I was walking up Madison Avenue last week, when I was literally stopped in my tracks. I came upon a dense crowd of onlookers and reporters, all of us held back by yellow police tape at the corner of 40th Street. Fire trucks and police cars and television vans filled the street. I asked a cameraman what was happening. “Elevator accident,” he said, pointing to a stately old skyscraper. “A woman was crushed to death.”
This was one of those terrible and awe-filled moments in New York when strangers make eye contact, when there is a suspension of the usual state of distraction and mutual isolation. Briefly, a veil dropped and strangers were fellow passengers in the same boat, all of us riding the currents in a vast and unpredictable sea. I called my husband many miles away (such is the world we live in) who supplied more details from the internet. A 41-year-old woman was stepping into an elevator when it suddenly shot upward like a bullet. More facts came out in the news the next day, that the ad exec fell forward and was only half inside when the elevator shot up, that the elevators were old and creaky, that two others were on the scene and watched helplessly, that the woman left behind many friends and loved ones.
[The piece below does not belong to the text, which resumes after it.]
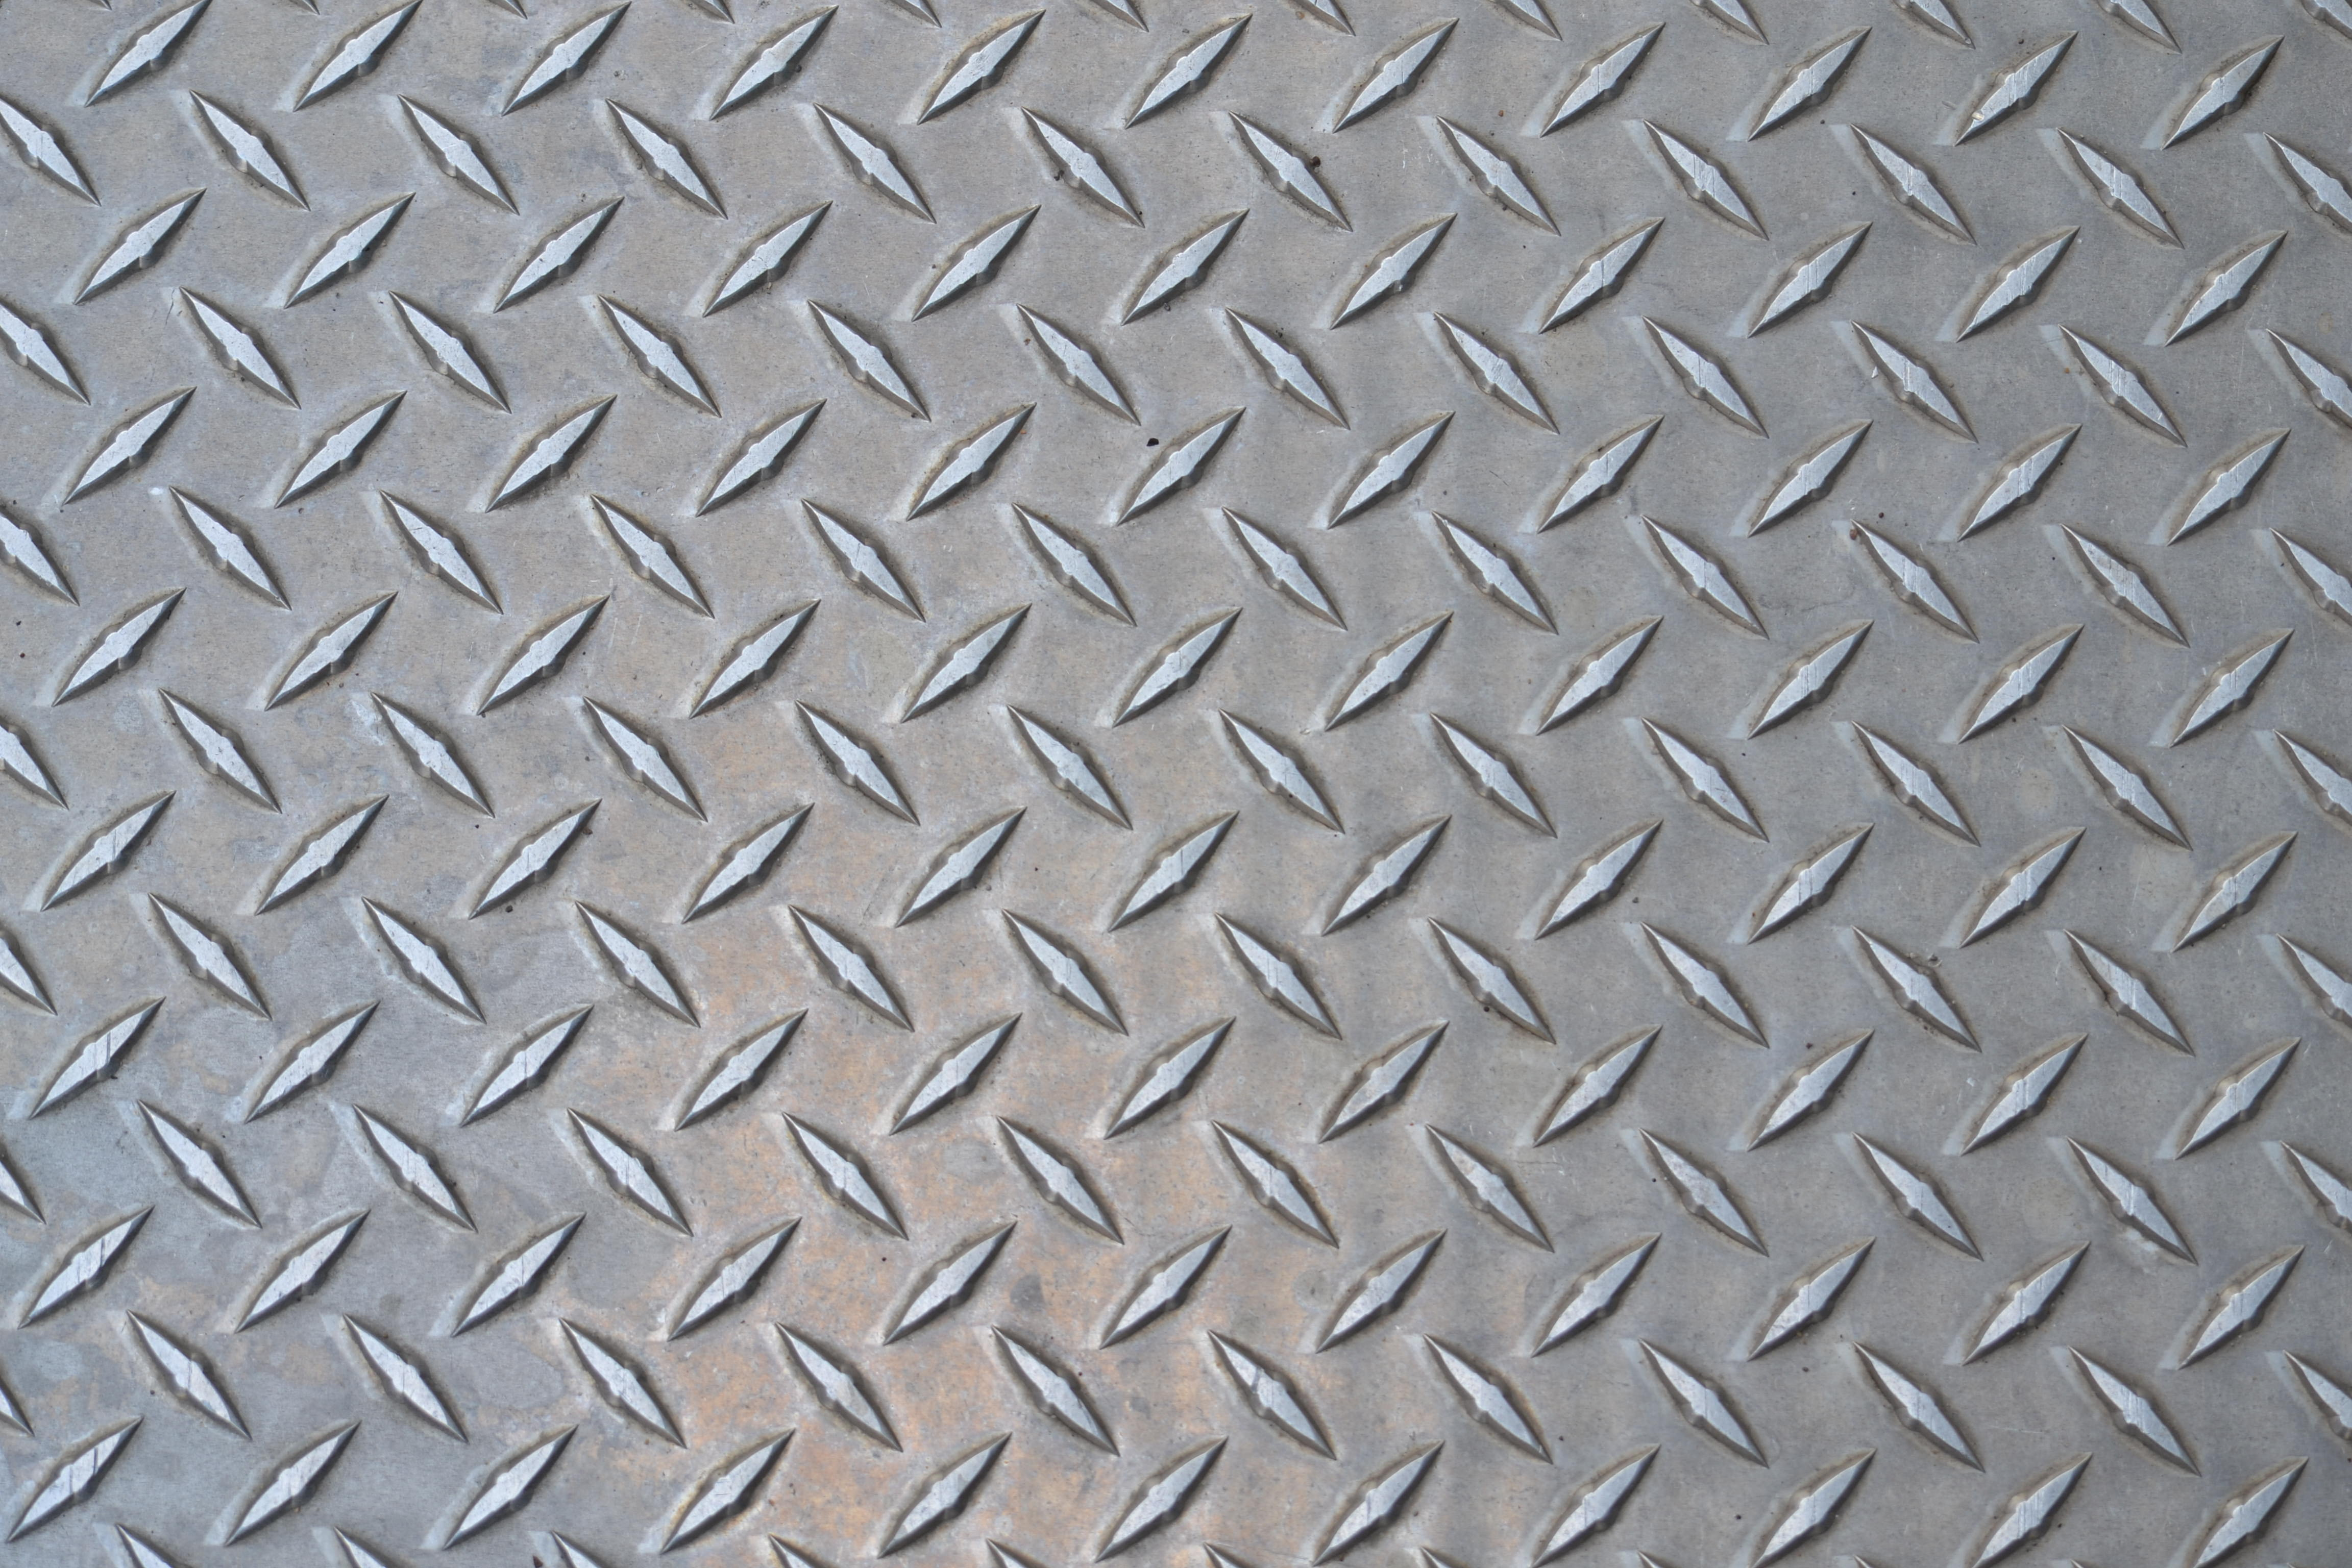 Black Diamond Plate Wallpaper 25 Diamond Plate Textures Patterns Backgrounds Design

I walked away from the awe-full scene, wondering what the woman had been thinking about as she rushed for the elevator. Had she been musing about the holidays and about her work, as I had been? I was walking to Grand Central to go home after having lunch with the gifted David Hykes, singer of haunting harmonic mantras, who has volunteered to be Parabola’s music editor. In the din of a loud restaurant, we spoke of the music of the spheres. We spoke of the latest findings of physics—that reality at the deepest level may be made of vibrations, of music. We agreed that at this level or resolution there is no separation between art, science, and religion. Reality is one. Truth is one.
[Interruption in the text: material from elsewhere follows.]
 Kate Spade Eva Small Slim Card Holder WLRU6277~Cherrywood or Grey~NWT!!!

I told David I once heard the great filmmaker Igmar Bergman said that music was the most human of all art forms. We agreed that this was this was interesting thing about music, that it can be so human and yet so vast, so ultimate. David broke out his laptop and via a special program showed me the beautiful, multi-colored mandala-like forms that chords make. One of the thrilling things about the chords David can sing is that they are not separate from silence: he created a zone of resonating stillness around us in the midst of that loud restaurant.
I told David that Parabola want to make the same kind of sound, not just in concerts (though we hope to host David soon) but in images, stories, and poetry. At its most sincere the practices of art and religion are not meant to be a means of distraction and escape but a means to make us instruments, however imperfect. They are meant to open us and tune us so that we might see and hear and feel deep within us those underlying vibrations, that vibrant, moving deeper reality we all share.
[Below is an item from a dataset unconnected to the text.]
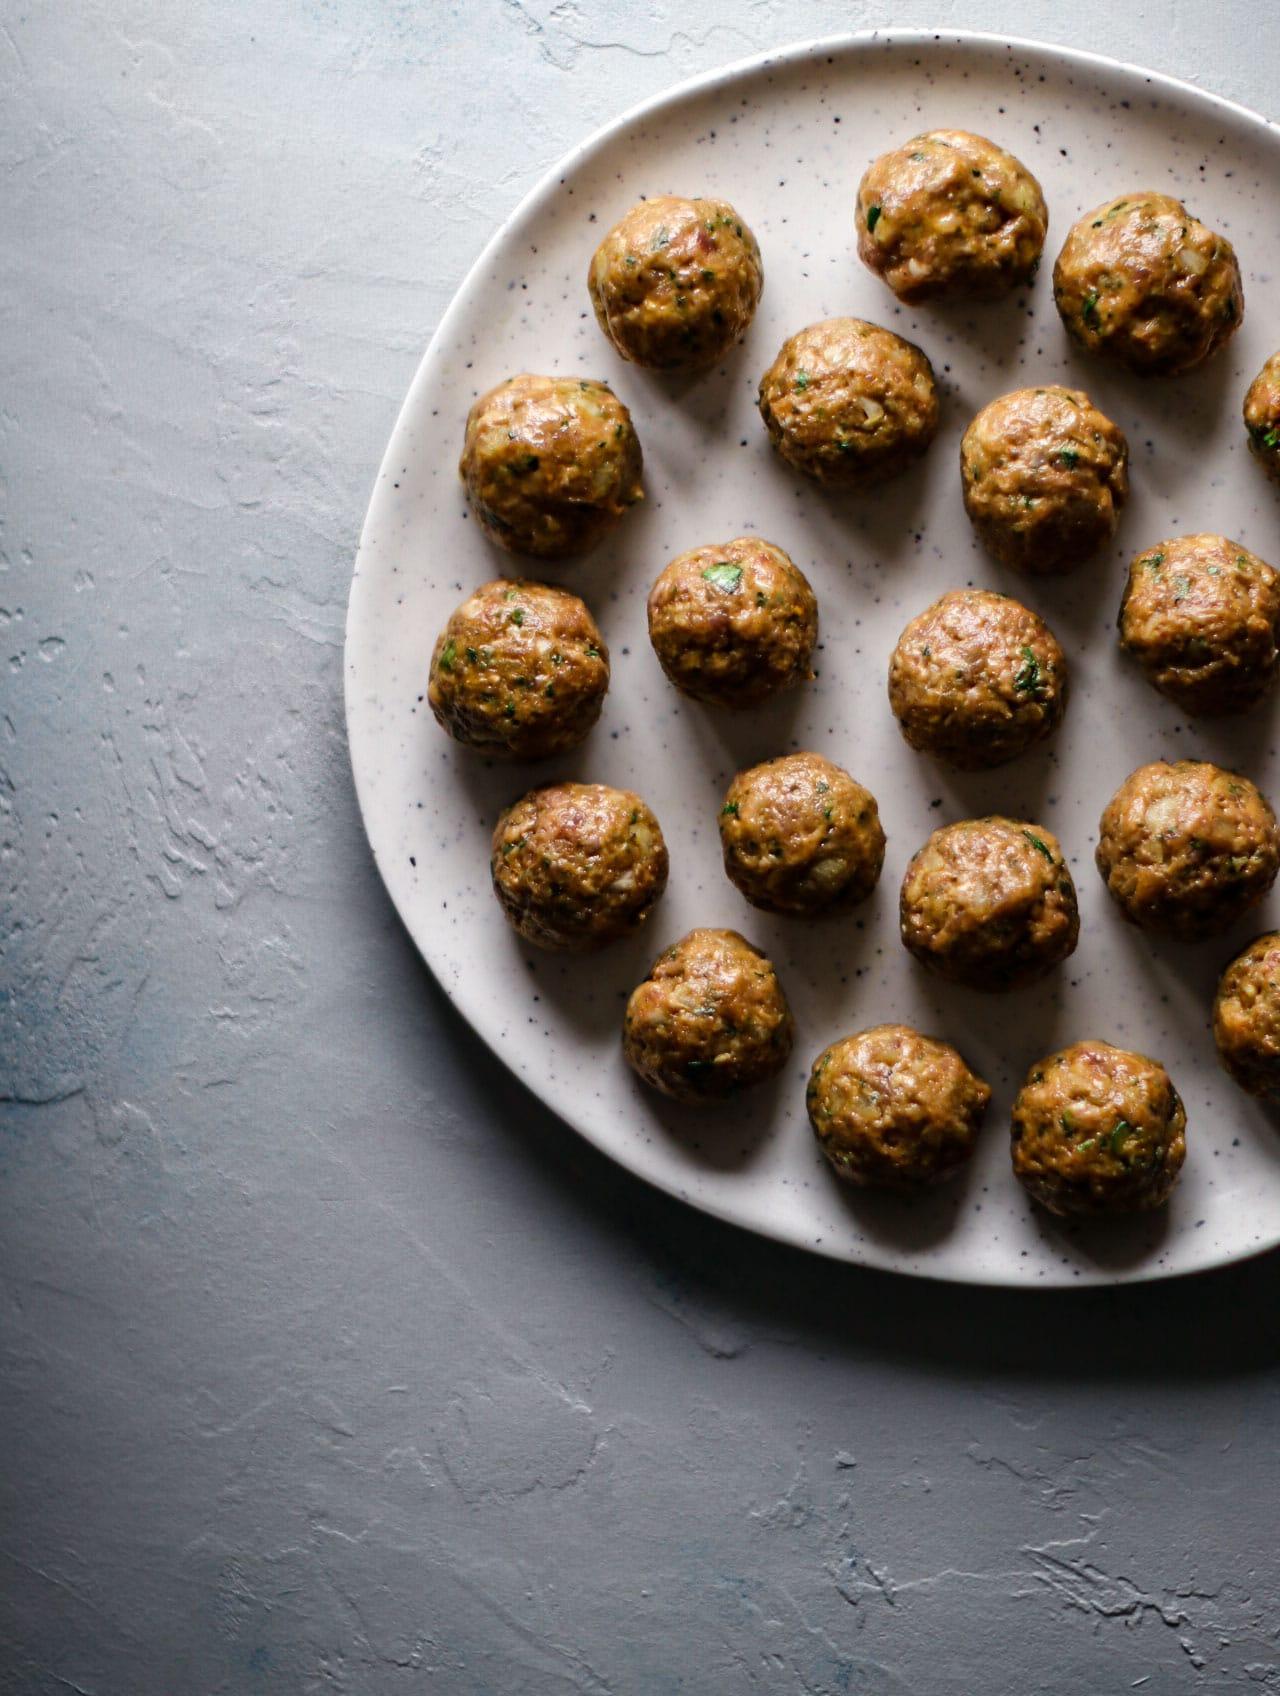 Uncooked Meatballs (Kofte) on a platter

I walked along along musing about all this, and then I came upon the accident. Awe-full tragedy and reminder that we are surrounded by mystery—that Truth is always other than thought. It is said that Gandhi, who died suddenly, died saying the name of God. He spent his life praying and meditating, creating a resonant still point in the midst of the great trials and turmoil and sheer bustle of his life. May we all find our way to that kind of double life, secular and sacred, deeply engaged in life, fighting injustice and suffering, yet at the same time set apart, in it but not completely of it, open and attuned to the finest and deepest vibrations, the music of the spheres.